И правильно, что они лежат там, подальше от какой бы то ни было церкви, отделенные от холмистых полей лишь невысокой каменной стеной. Ибо чувство близости к земле, которое дарит нам ослепительная и материальная живопись Ван Гога, ощущение земли под ногтями, аромата цветов, осязаемой на ощупь текстуры волос и кожи и есть то, что, по убеждению художника, должно нас трогать в его искусстве. В отличие от мистика и эстета Гогена Ван Гог не мог выйти за пределы тела. Напротив, его картины пытаются заставить нас острее почувствовать собственные тела, яснее осознать свое место в круговороте природы.

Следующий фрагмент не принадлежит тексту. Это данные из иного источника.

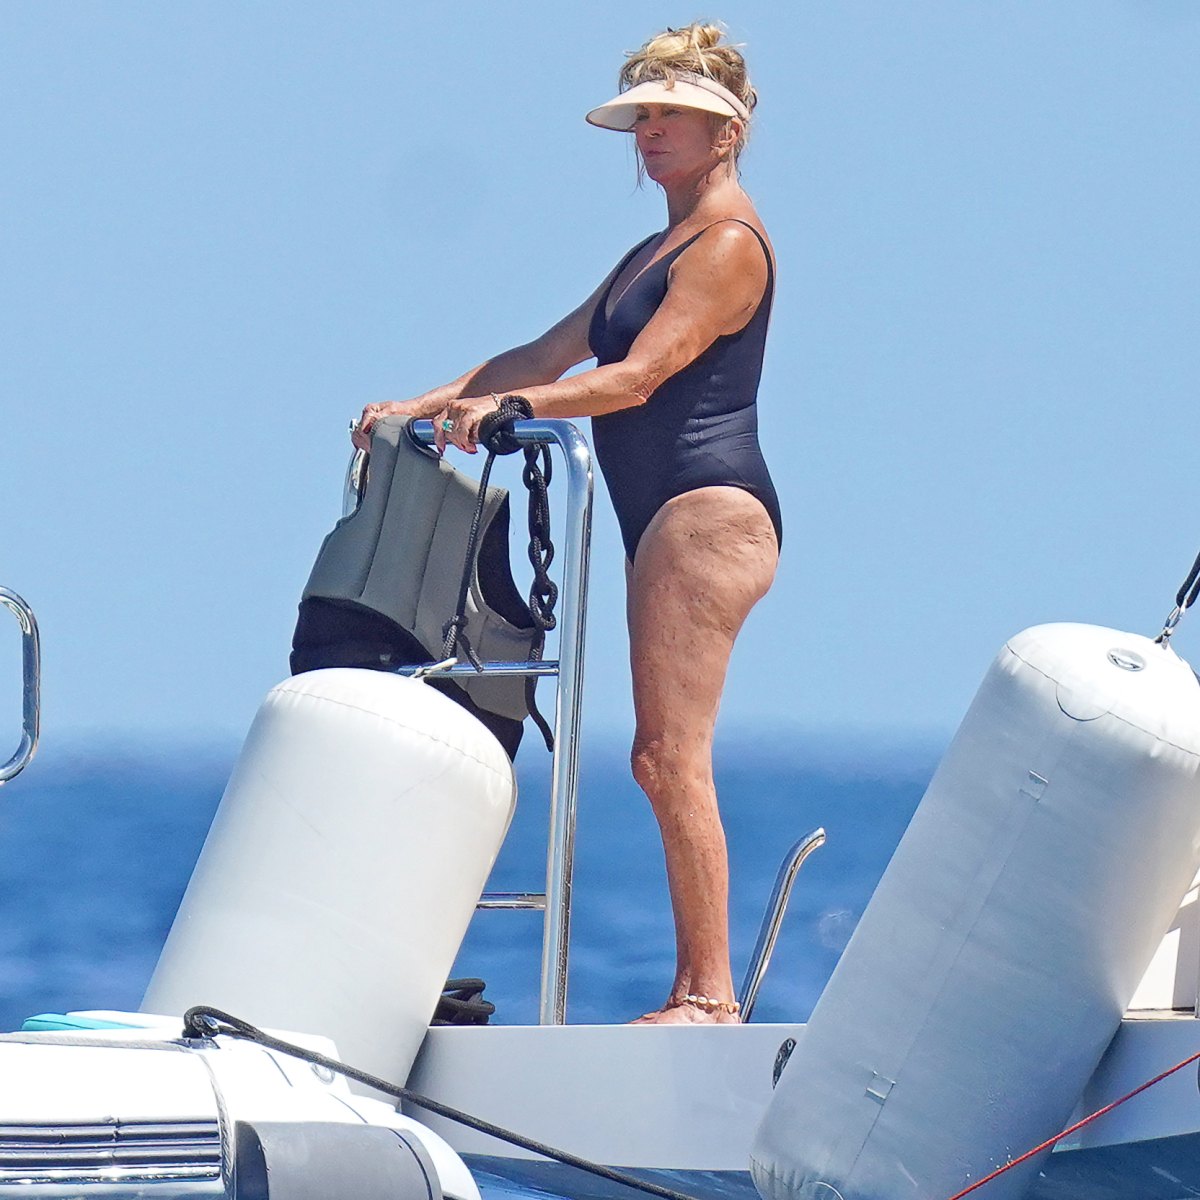 Goldie Hawn, 70, flaunts enviable figure in plunging gold swimsuit

Наследие, которое Ван Гог, с его упрямой привязанностью к материальной реальности жизни, оставил модернизму, оказалось, думаю, замечательно ему полезным. Оно уберегло современное искусство от полного ухода в абстракцию и самоповторы. Даже в те периоды, когда Ван Гог самым радикальным образом отрицал реалистичные цвет и форму, он продолжал настаивать на том, что является убежденным реалистом, чье творчество неразрывно связано с природой. Но он не хуже (а то и лучше) Тёрнера понимал, что реальность мира можно познавать не только посредством механизмов оптического восприятия. Ему казалось, что такой способ восприятия – когда образы, в отличие от привычных, видимых глазу картин, возникают непосредственно в сознании – доступен всем. Надо просто зафиксировать это внутреннее видение, озаренное эмоциональной полнотой жизни, проживаемой на пределе человеческих сил, и осознать вдруг, что бесконечность осуществляется здесь и сейчас.
I
Зимой 1941 года Пабло Пикассо жил и работал в мансарде старого парижского дома по улице Гранд-Огюстен, в двух шагах от набережной Сены. Неласковый северный свет заливал крыши. На подоконниках ютились голуби. Что и говорить, в период немецкой оккупации жизнь Пикассо на левом берегу была даже более богемной, чем он мог бы желать. В квартире было холодно, электричество давали с перебоями. Согревали художника лишь старинная печка высотой от пола до потолка и очередная возлюбленная – Дора Маар. Его картины становились все более мрачными и однообразными: женщины с деформированными головами, с катящимися из глаз слезами, напоминающими стальные бусины или тонкие струйки крови; освежеванные овечьи головы. В придачу Пикассо зачем-то возомнил себя драматургом и начал писать сюрреалистические пьесы.
Среди работ, развешенных по стенам мастерской, одной явно не хватало: здесь не было «Герники», картины, сделавшей Пикассо самым знаменитым – или скандально известным – художником в мире (с. 414–415). Этот крик боли и ужаса перед варварским уничтожением беспомощных мирных жителей баскского городка бомбардировщиками люфтваффе весной 1937 года был немцам не очень-то по душе. Однако добраться до картины они не могли. В 1939 году «Гернику» спешно переправили в Нью-Йорк на борту лайнера «Нормандия» – как беженку, вместе со скрипачами и психиатрами из Вены и Берлина. Выставленная в Музее современного искусства, «Герника» стала не просто изображением ужаса, но пространством выражения морального возмущения, щитом, перед которым люди собирались, чтобы напомнить себе о том, что отделяет их от жестокости фашизма. Картина стала отличной провокацией.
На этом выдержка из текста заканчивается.